Apart from the pictures, the listing is to be returned exactly.
== Given material
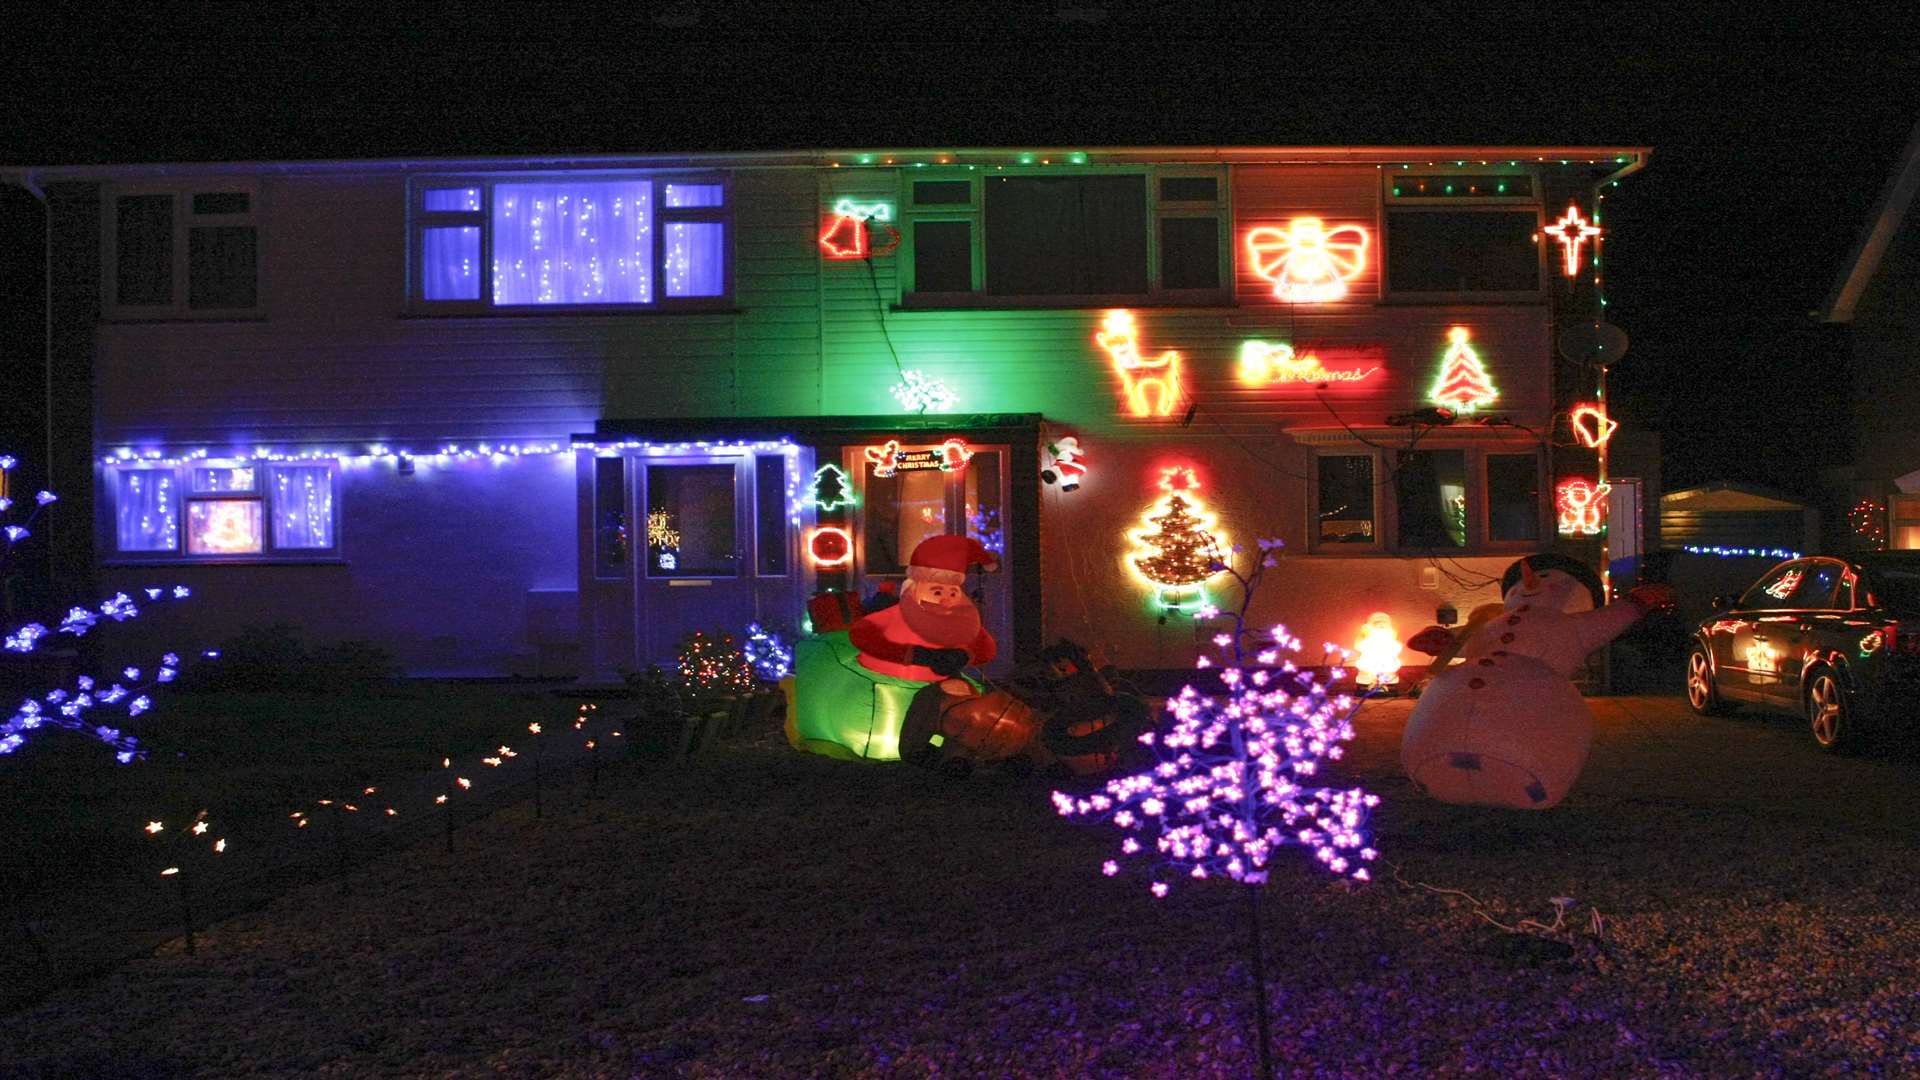 26 houses in Kennedy Drive made the effort this Christmas
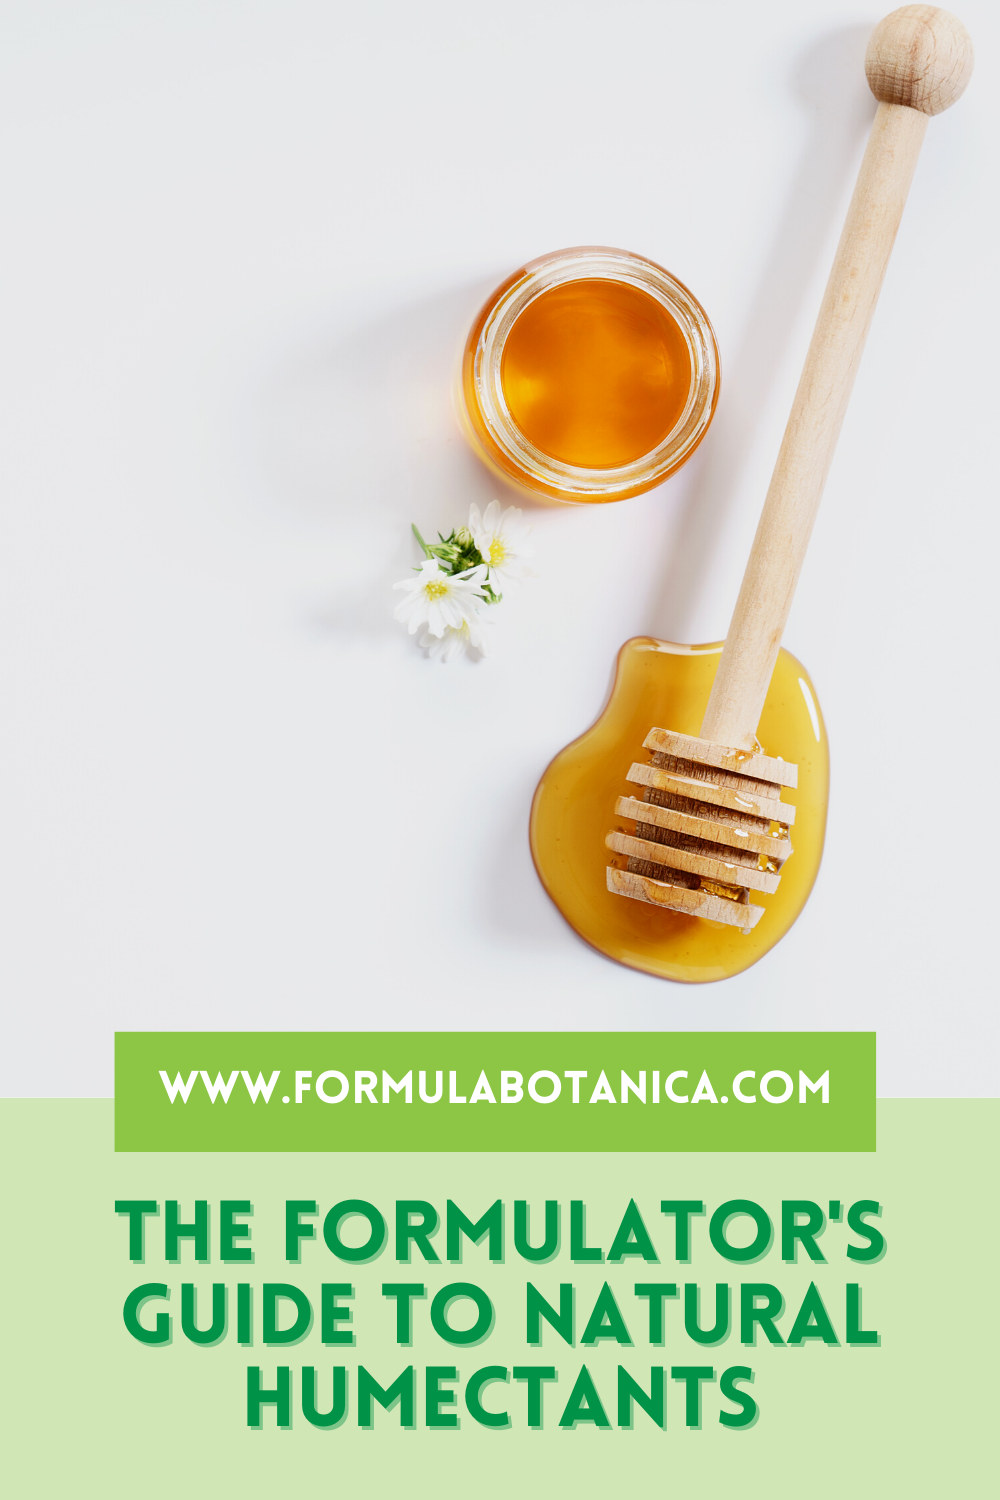 The Formulator's Guide to Natural Humectants
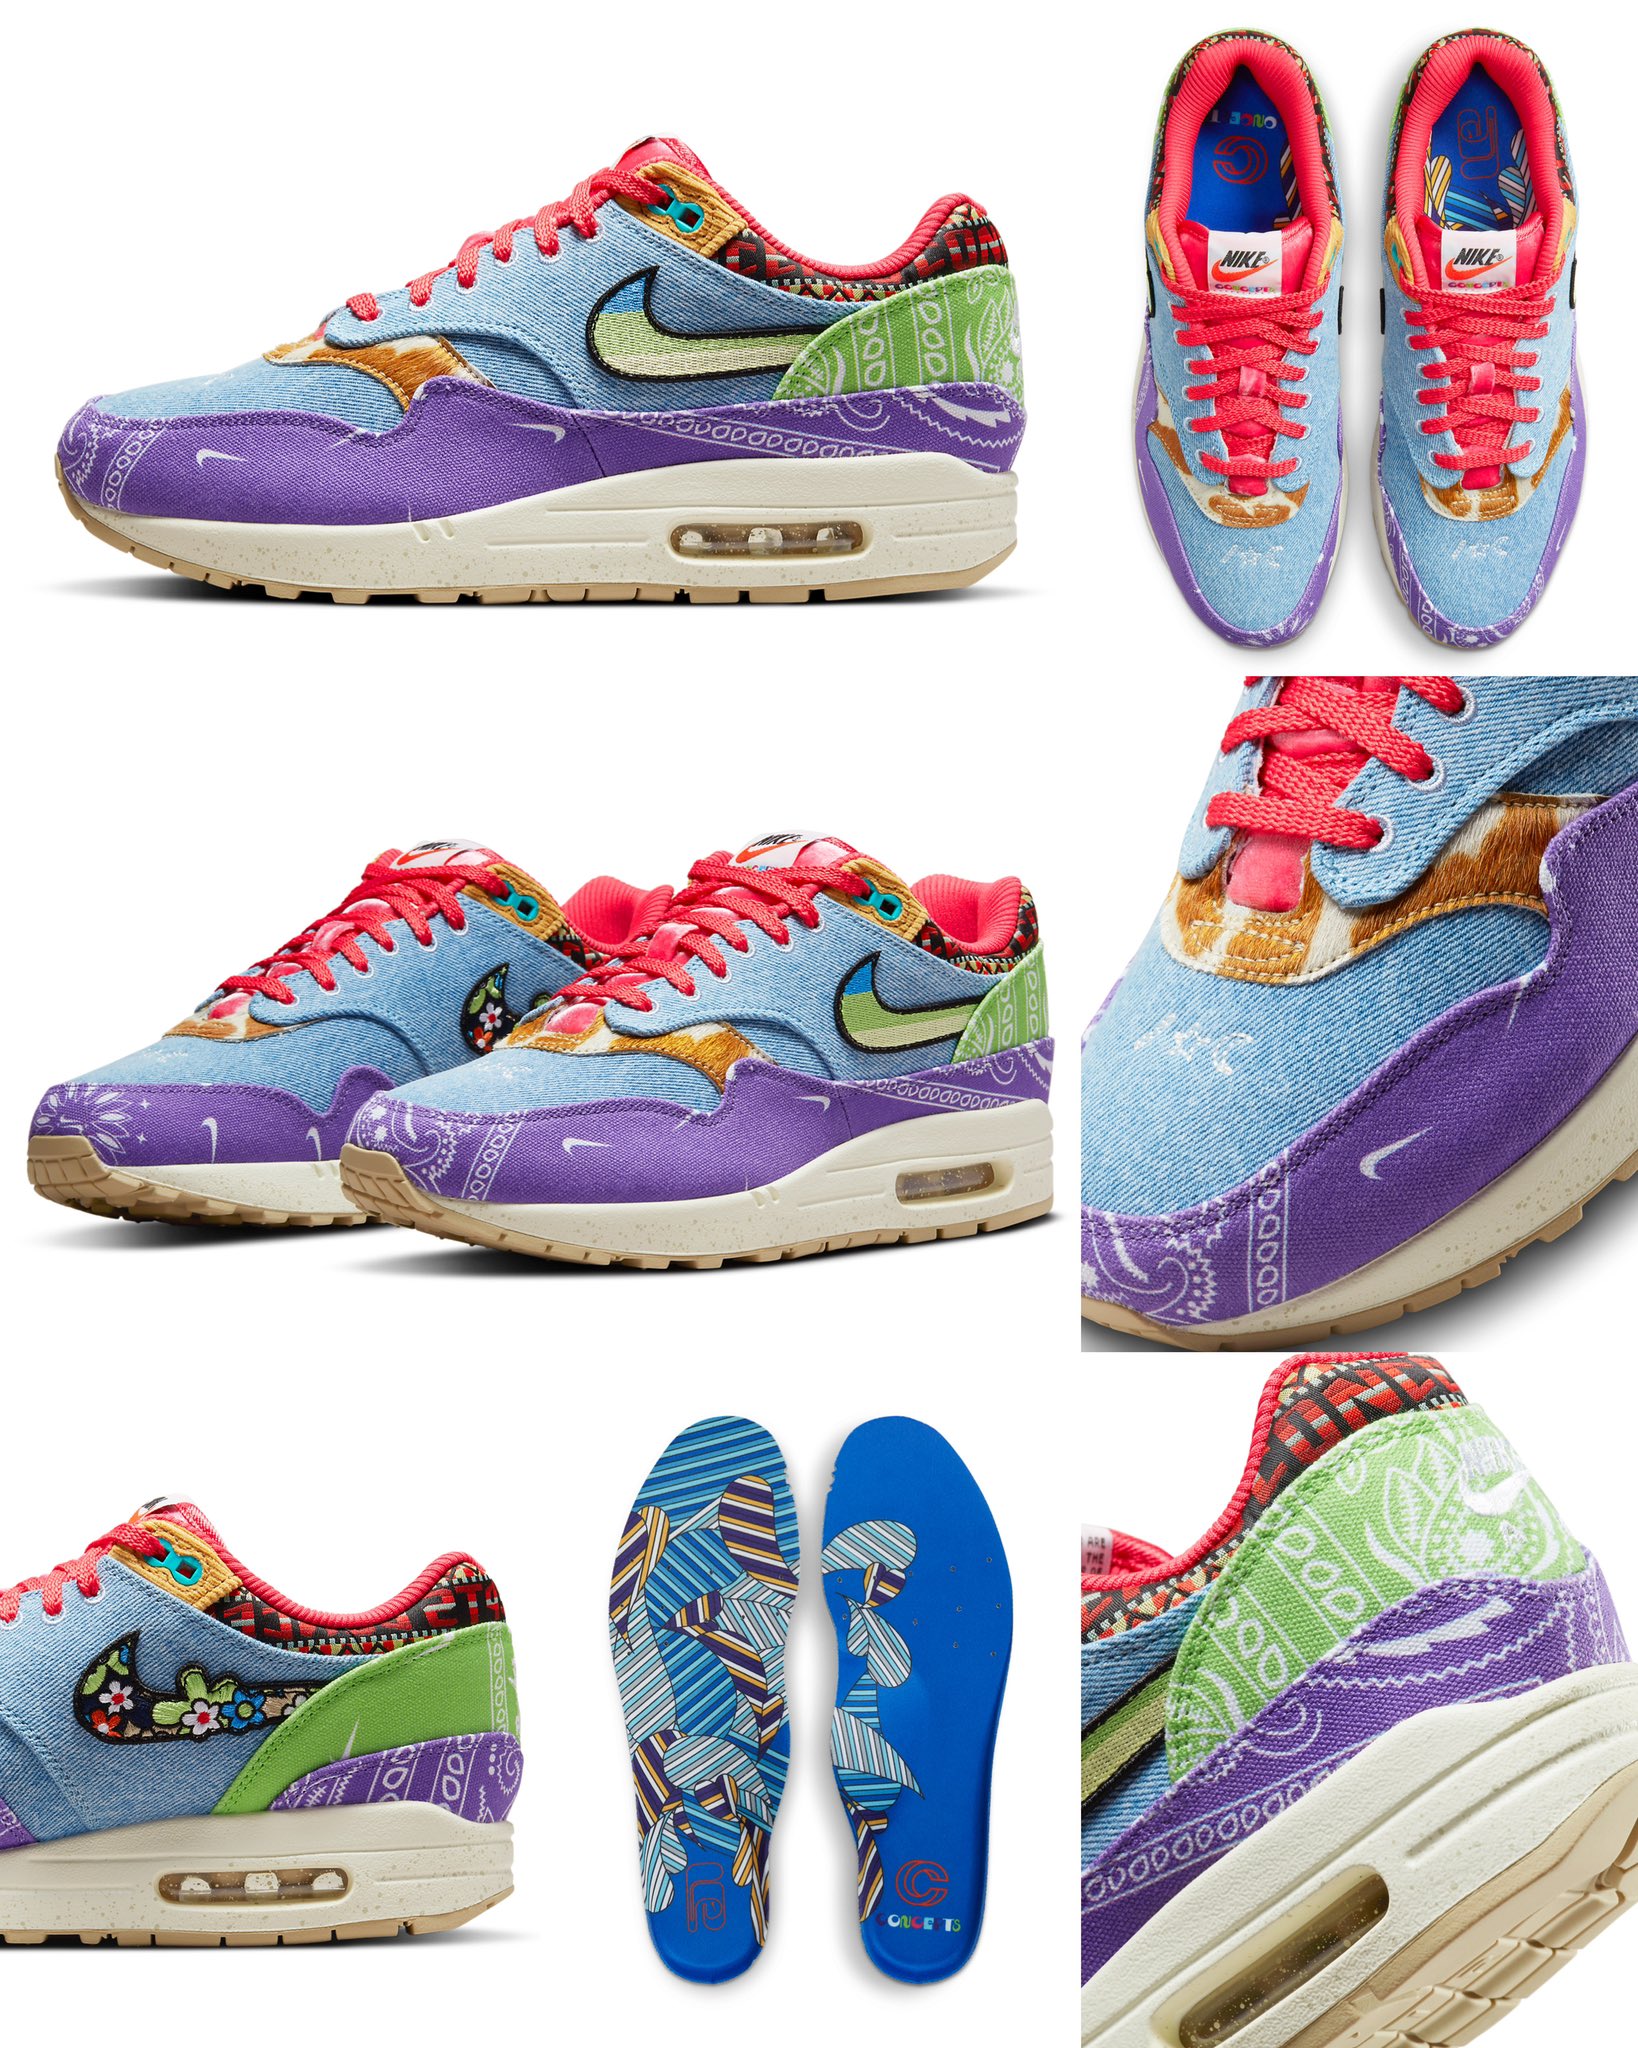 zSneakerHeadz on Twitter: "2022 Concepts Nike Air Max 1 SP official images! 🎨🧶🧵 / Twitter
====
:: Finished task ::
 26 houses in Kennedy Drive made the effort this Christmas
 The Formulator's Guide to Natural Humectants
 zSneakerHeadz on Twitter: "2022 Concepts Nike Air Max 1 SP official images! 🎨🧶🧵 / Twitter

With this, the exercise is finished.